Problem statement → All of the listing below must be repeated word for word. Pictures are the only thing to omit.

Data section →
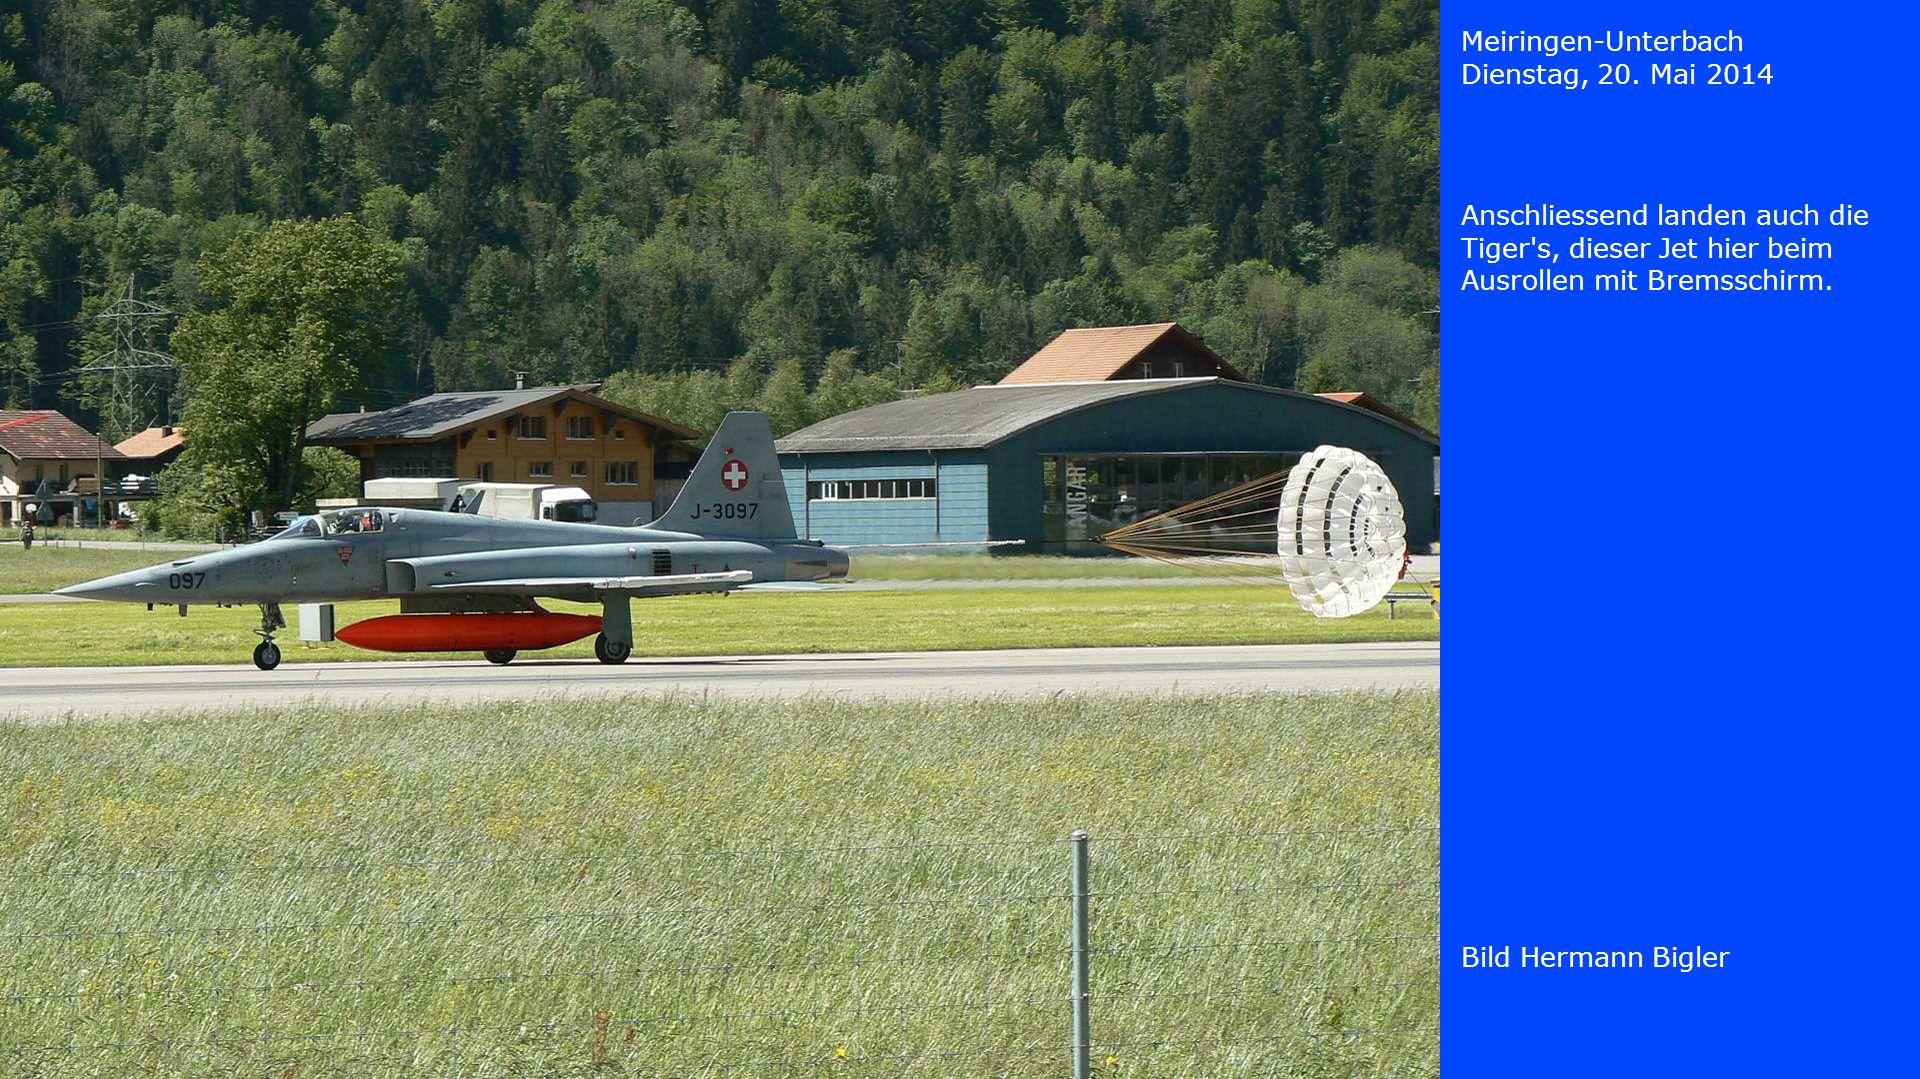 Meiringen-Unterbach Dienstag, 20. Mai 2014. Anschliessend landen auch die Tiger s, dieser Jet hier beim Ausrollen mit Bremsschirm.
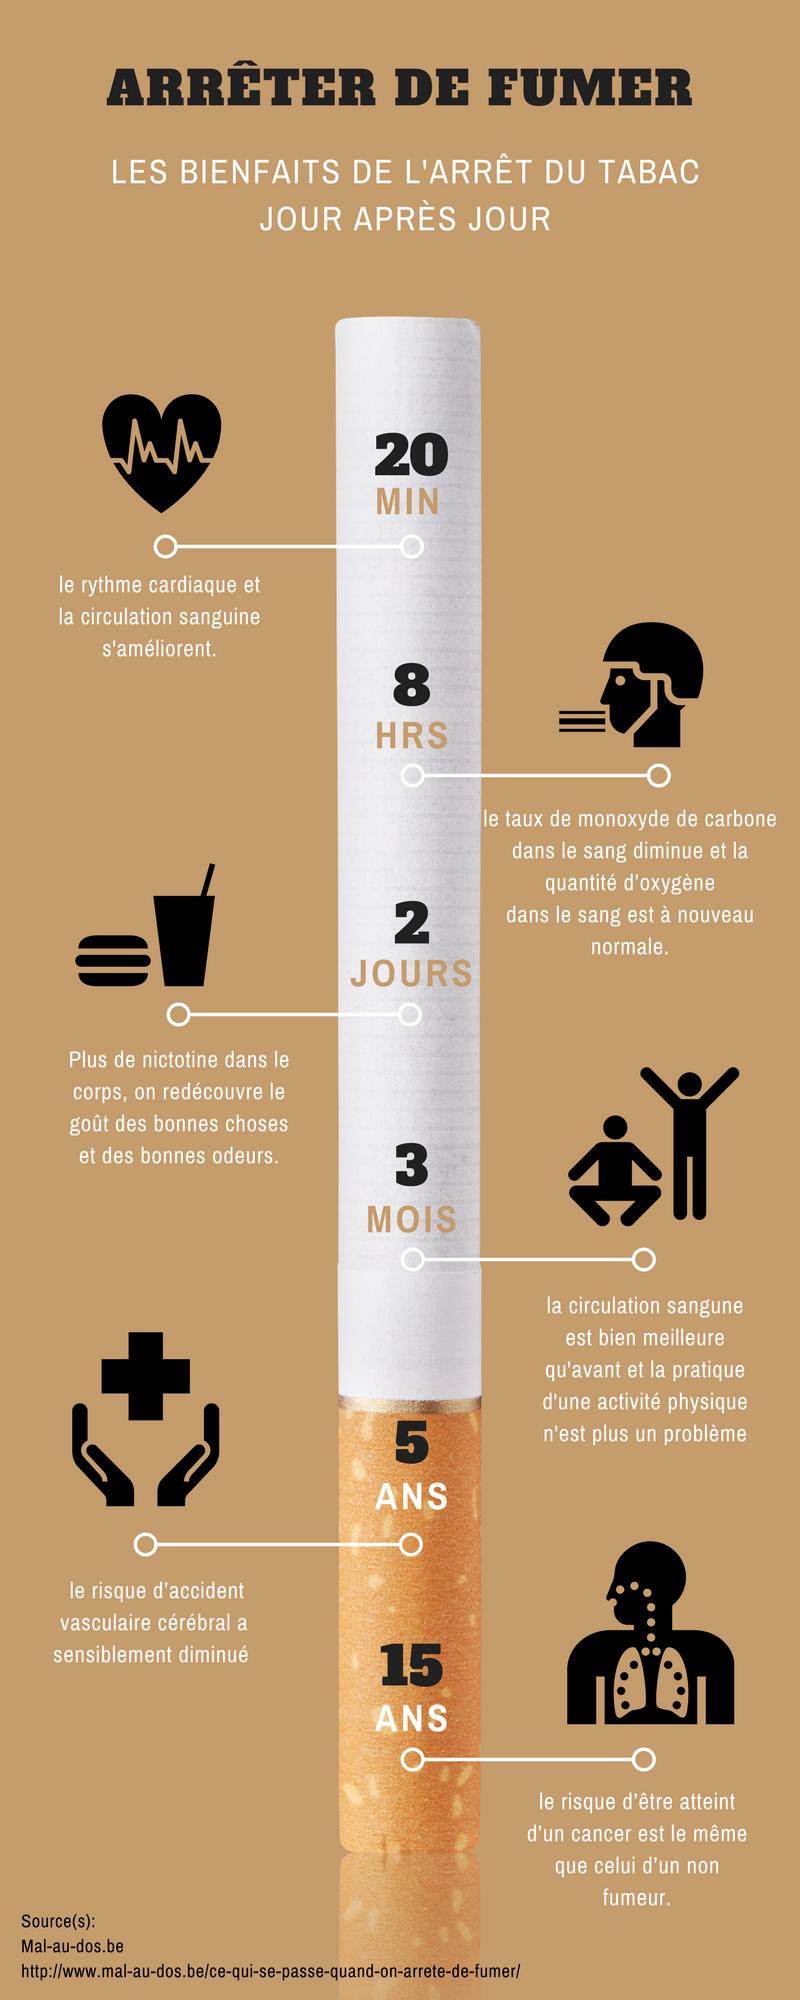 Arrêt du tabac: les bienfaits pour la peau, les cheveux
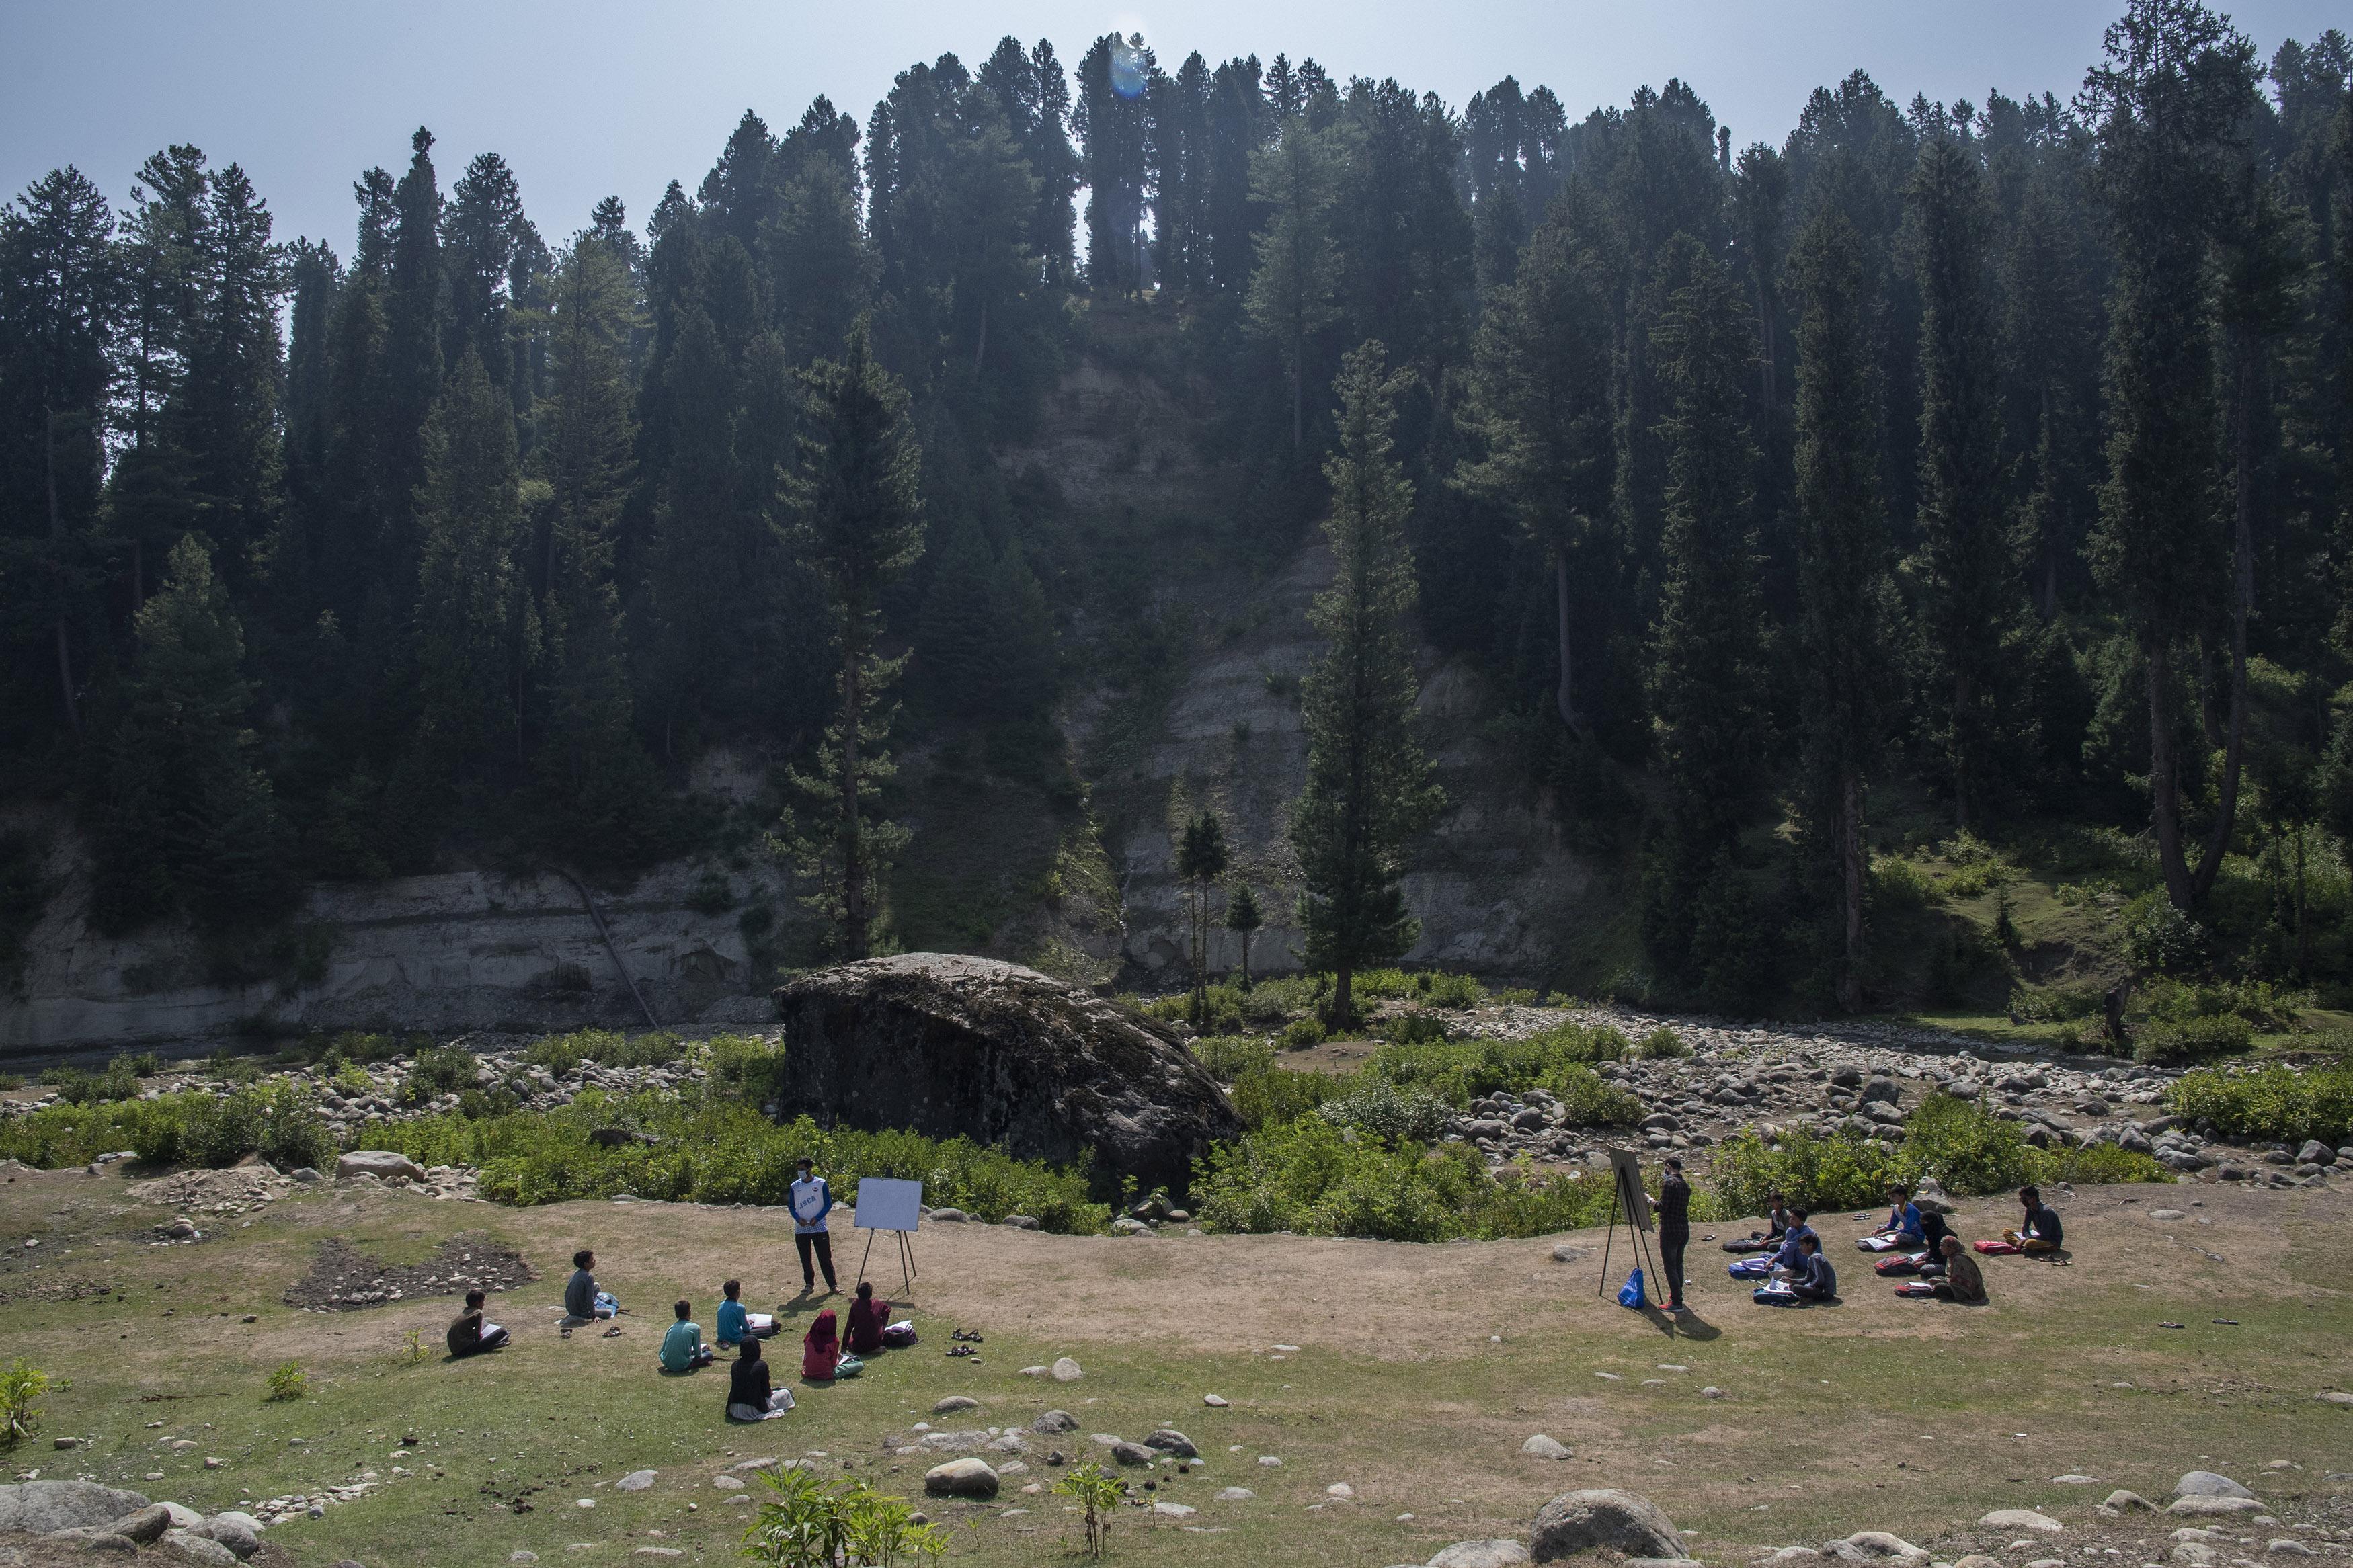 कश्मीर के सुदूरवर्ती गांवों में इस तरह संचालित हो रहे हैं ओपन एयर कम्युनिटी स्कूल। फोटो: आबिद बट

Answer space →
 Meiringen-Unterbach Dienstag, 20. Mai 2014. Anschliessend landen auch die Tiger s, dieser Jet hier beim Ausrollen mit Bremsschirm.
 Arrêt du tabac: les bienfaits pour la peau, les cheveux
 कश्मीर के सुदूरवर्ती गांवों में इस तरह संचालित हो रहे हैं ओपन एयर कम्युनिटी स्कूल। फोटो: आबिद बट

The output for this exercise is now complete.